With the pictures set aside, write out all of the data exactly as it stands.

Given data →
-------------------------

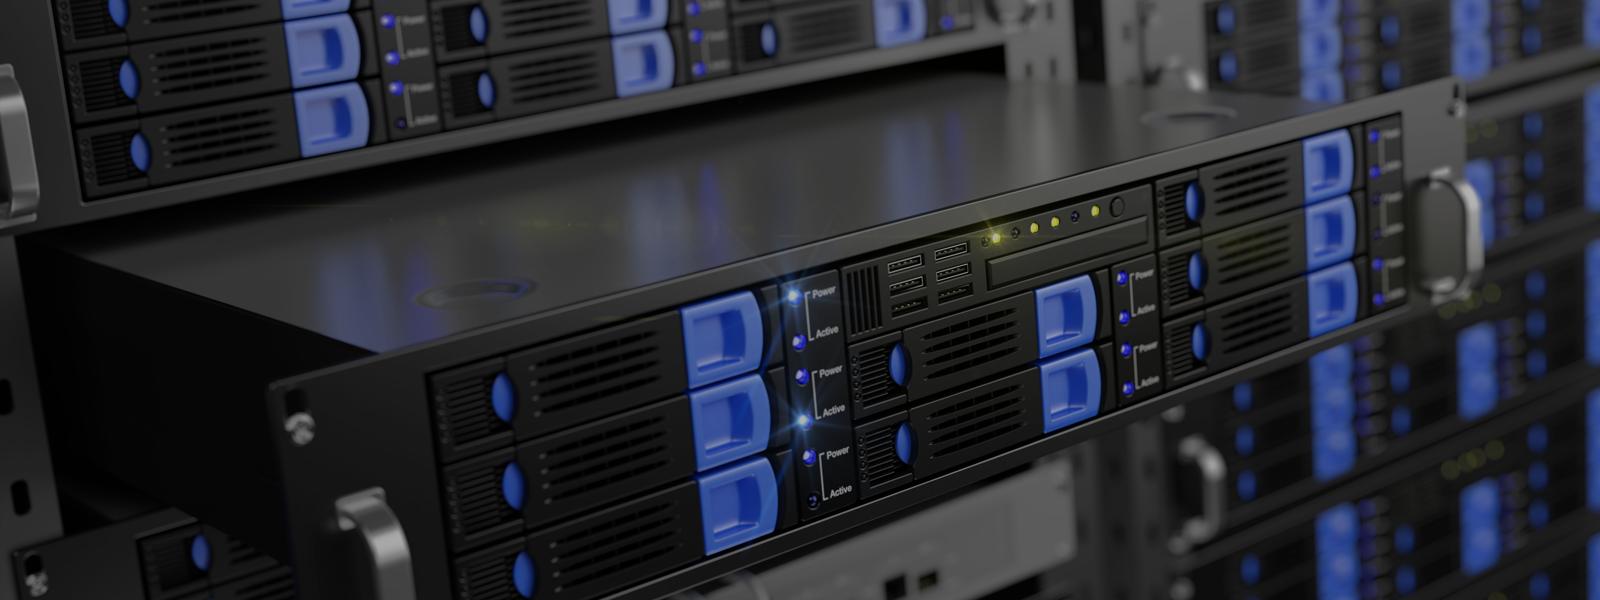 En dedikerad server i ett datacenter, med hög prestanda och säkerhet.
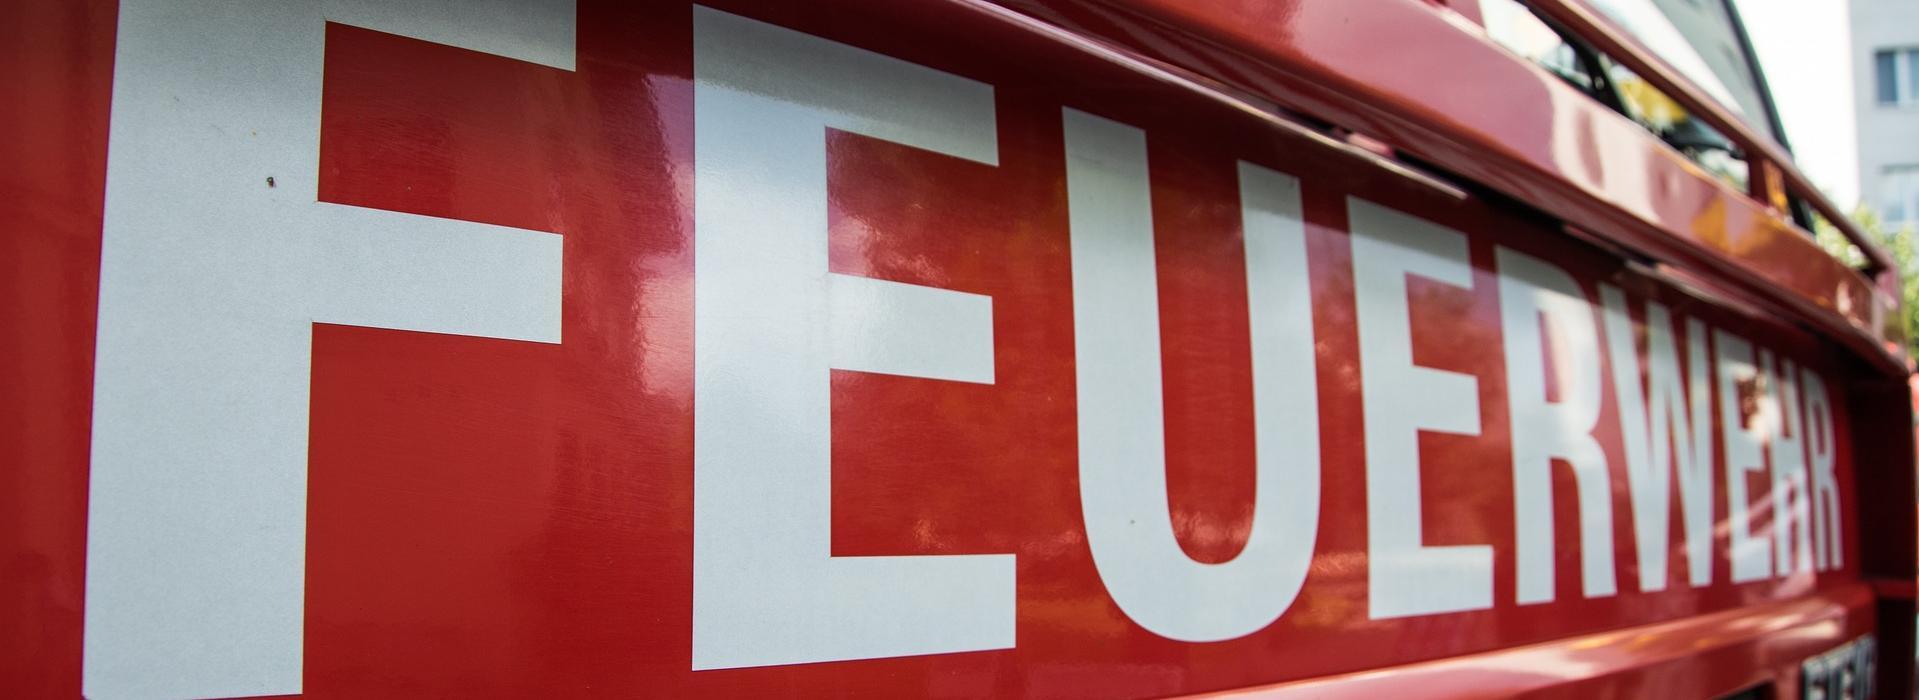 Schriftzug Feuerwehr auf der Frontseite eines Feuerwehrautos Feuerwehr.jpg
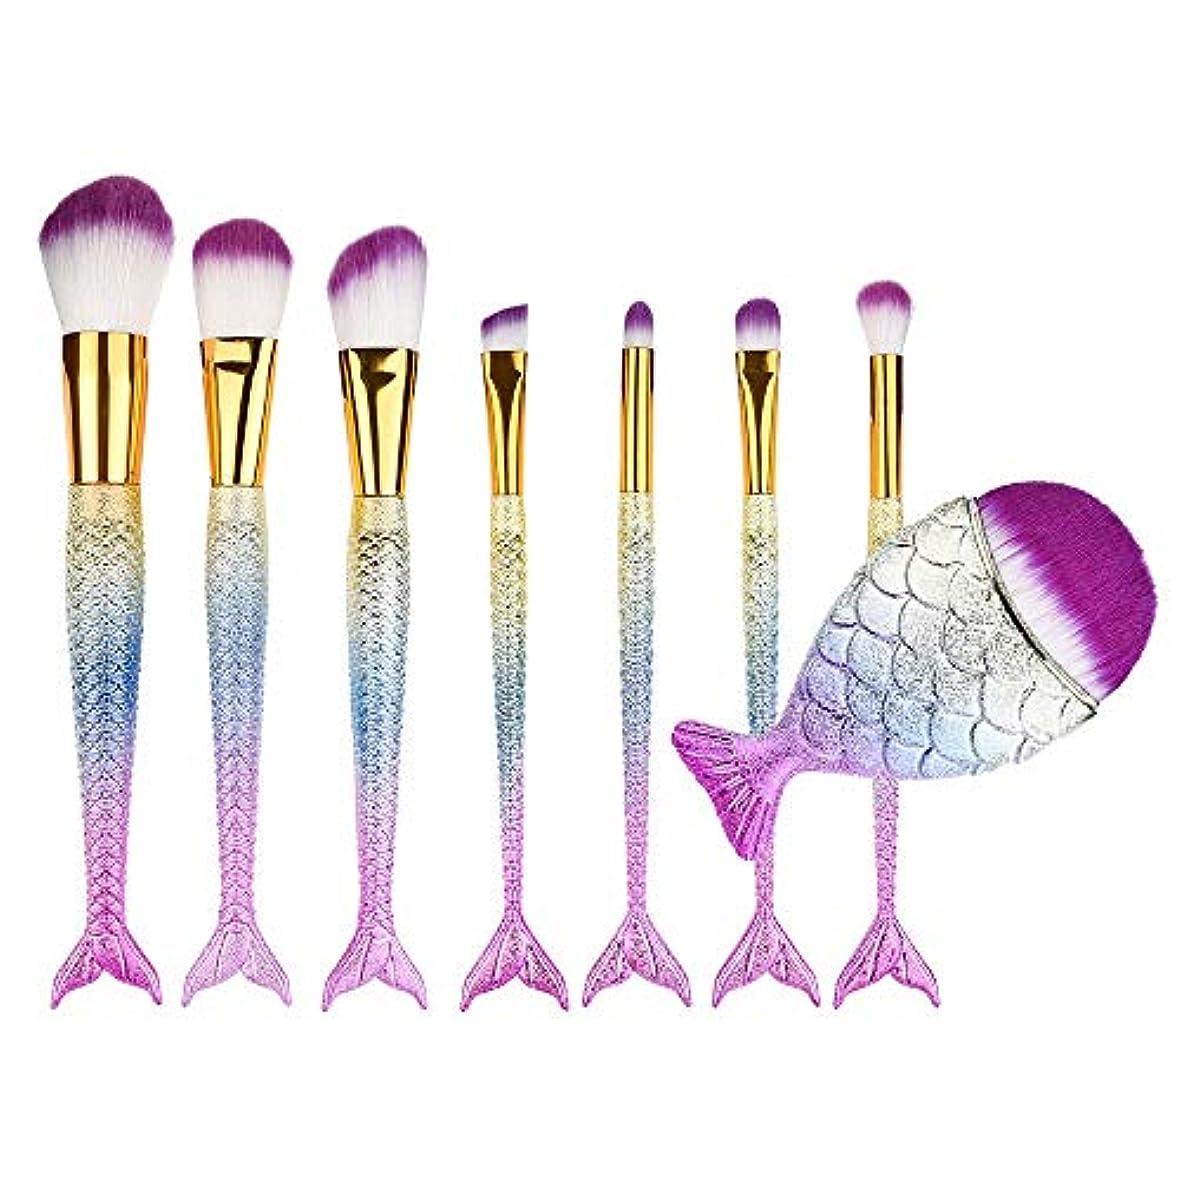 ベジタリアン感謝する堤防Akane 8本 人魚 紫系 高級 エレガント 魅力的 上等 綺麗 美感 多機能 おしゃれ 柔らかい 激安 たっぷり 日常 仕事 Makeup Brush メイクアップブラシ

-------------------------

Answer to this exercise →
 En dedikerad server i ett datacenter, med hög prestanda och säkerhet.
 Schriftzug Feuerwehr auf der Frontseite eines Feuerwehrautos Feuerwehr.jpg
 ベジタリアン感謝する堤防Akane 8本 人魚 紫系 高級 エレガント 魅力的 上等 綺麗 美感 多機能 おしゃれ 柔らかい 激安 たっぷり 日常 仕事 Makeup Brush メイクアップブラシ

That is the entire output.